UNITED STATES DISTRICT COURT WESTERN DISTRICT OF WASHINGTON AT TACOMA
Feb 20, 2018
Case No. C17-647 RAJ (W.D. Wash. Feb. 20, 2018)

Opinion

Case No. C17-647 RAJ

02-20-2018

MATTHEW DAVID SMITH, Claimant, v. NANCY A. BERRYHILL, Acting Commissioner of Social Security, Defendant.

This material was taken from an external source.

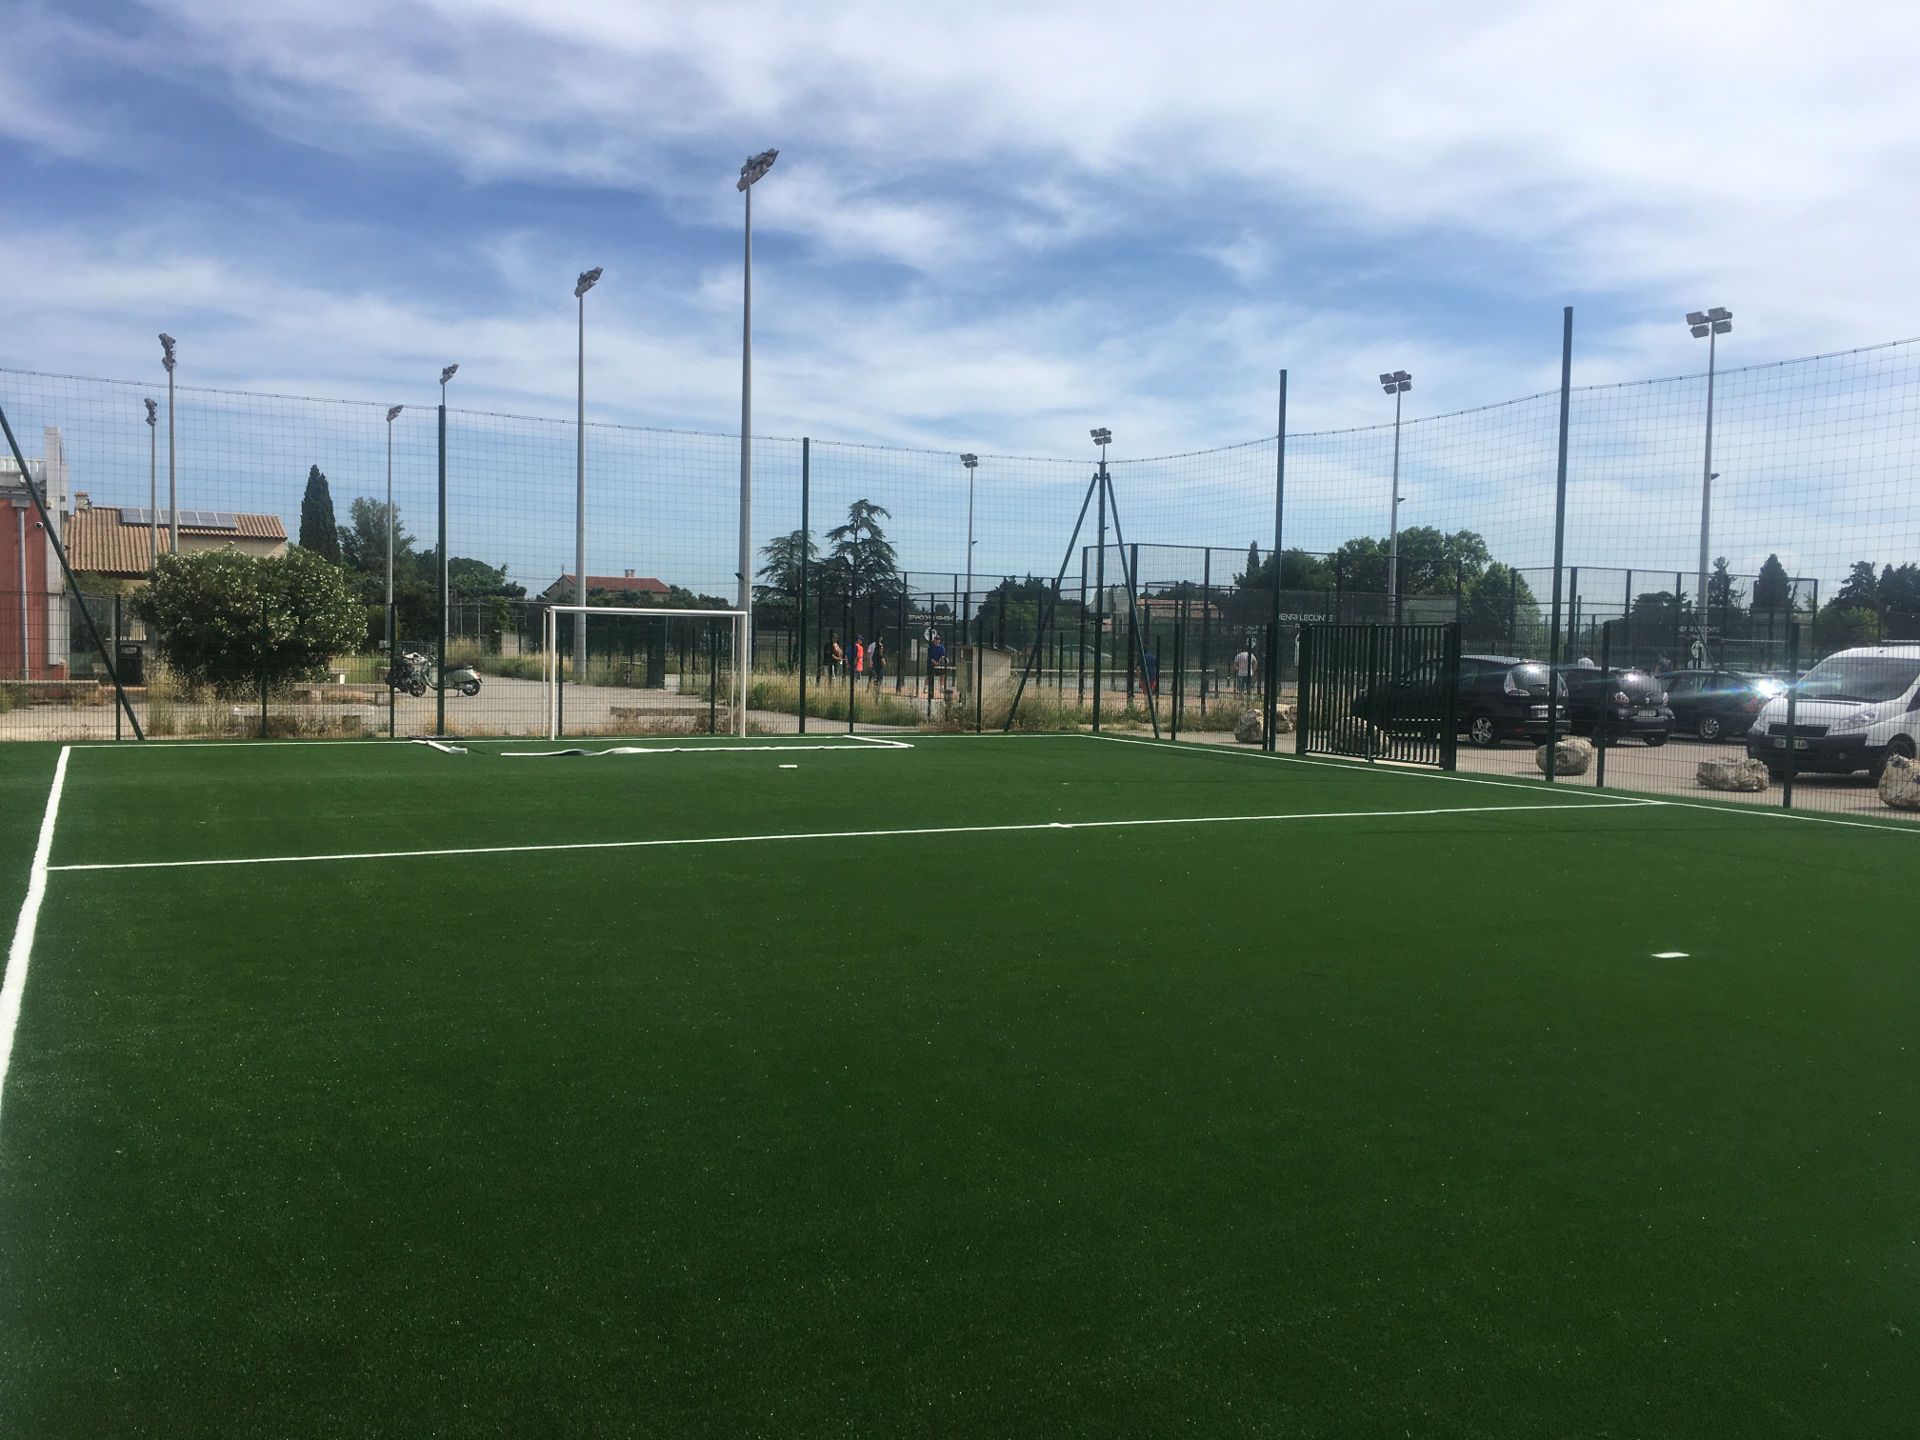 Réalisation d'un terrain de foot en salle

ORDER DENYING COMMISSIONER'S MOTION TO DISMISS AND DIRECTING ANSWER BE FILED

The Commissioner filed the instant motion under Federal Rule of Civil Procedure 12(b)(1) for lack of subject matter jurisdiction. Dkt. 5. The Commissioner included matters outside the pleadings, namely the Declaration of Nancy Chung, that the Court found necessary to consider prior to ruling on the motion. Mr. Smith submitted rebutting evidence outside the pleadings in the form of records and his declaration. The Commissioner had an opportunity to reply to Mr. Smith's response. As such, the Court finds the parties have had a reasonable opportunity to present all the material that is pertinent to the motion.

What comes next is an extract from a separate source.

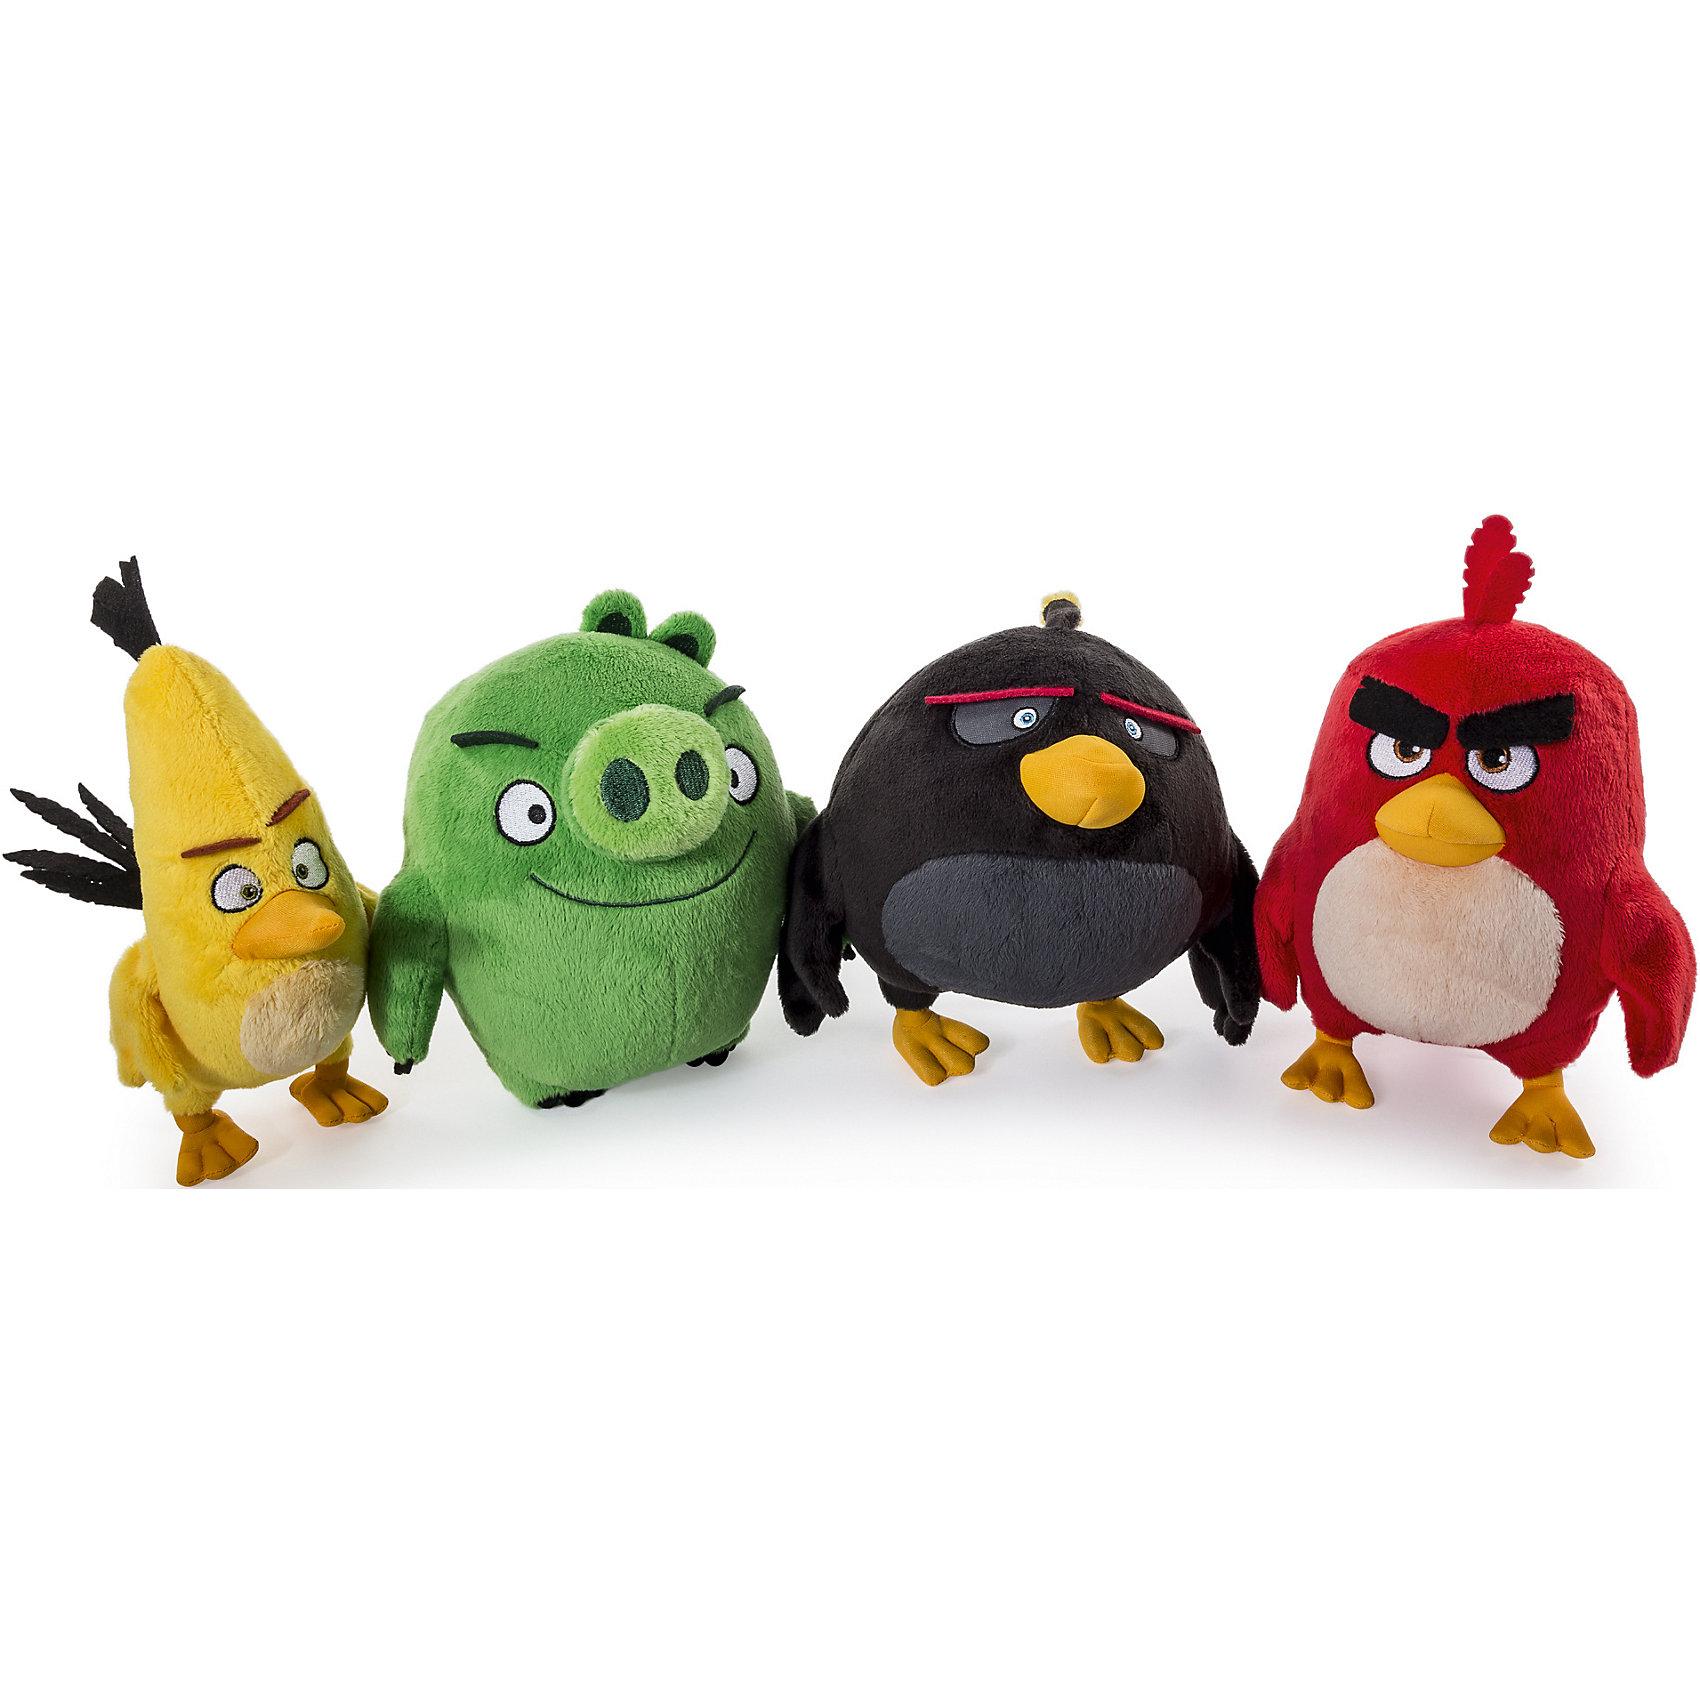 Плюшевая птичка 20см, Angry Birds, в ассортиментеМягкие игрушки животные<br>Плюшевая сердитая птичка. Размер 20см. 4 вида в ассортименте. Каждая игрушка продается отдельно<br><br>Ширина мм: 150<br>Глубина мм: 190<br>Высота мм: 130<br>Вес г: 231<br>Возраст от месяцев: 36<br>Возраст до месяцев: 204<br>Пол: Унисекс<br>Возраст: Детский<br>SKU: 4720292

In resolving a factual attack on jurisdiction, "the district court may review evidence beyond the complaint without converting the motion to dismiss into a motion for summary judgment." Safe Air for Everyone v. Meyer, 373 F.3d 1035, 1039 (9th Cir. 2004), citing Savage v. Glendale Union High Sch., 343 F.3d 1036, 1039 n. 2 (9th Cir. 2003). The Court "need not presume the truthfulness of the plaintiff's allegations." Id., citing White v. Lee, 227 F.3d 1214, 1242 (9th Cir. 2000). Any factual disputes, however, must be resolved in favor of the plaintiff. Edison v. United States, 822 F.3d 510, 517 (9th Cir. 2016), citing Dreier v. United States, 106 F.3d 844, 847 (9th Cir. 1996).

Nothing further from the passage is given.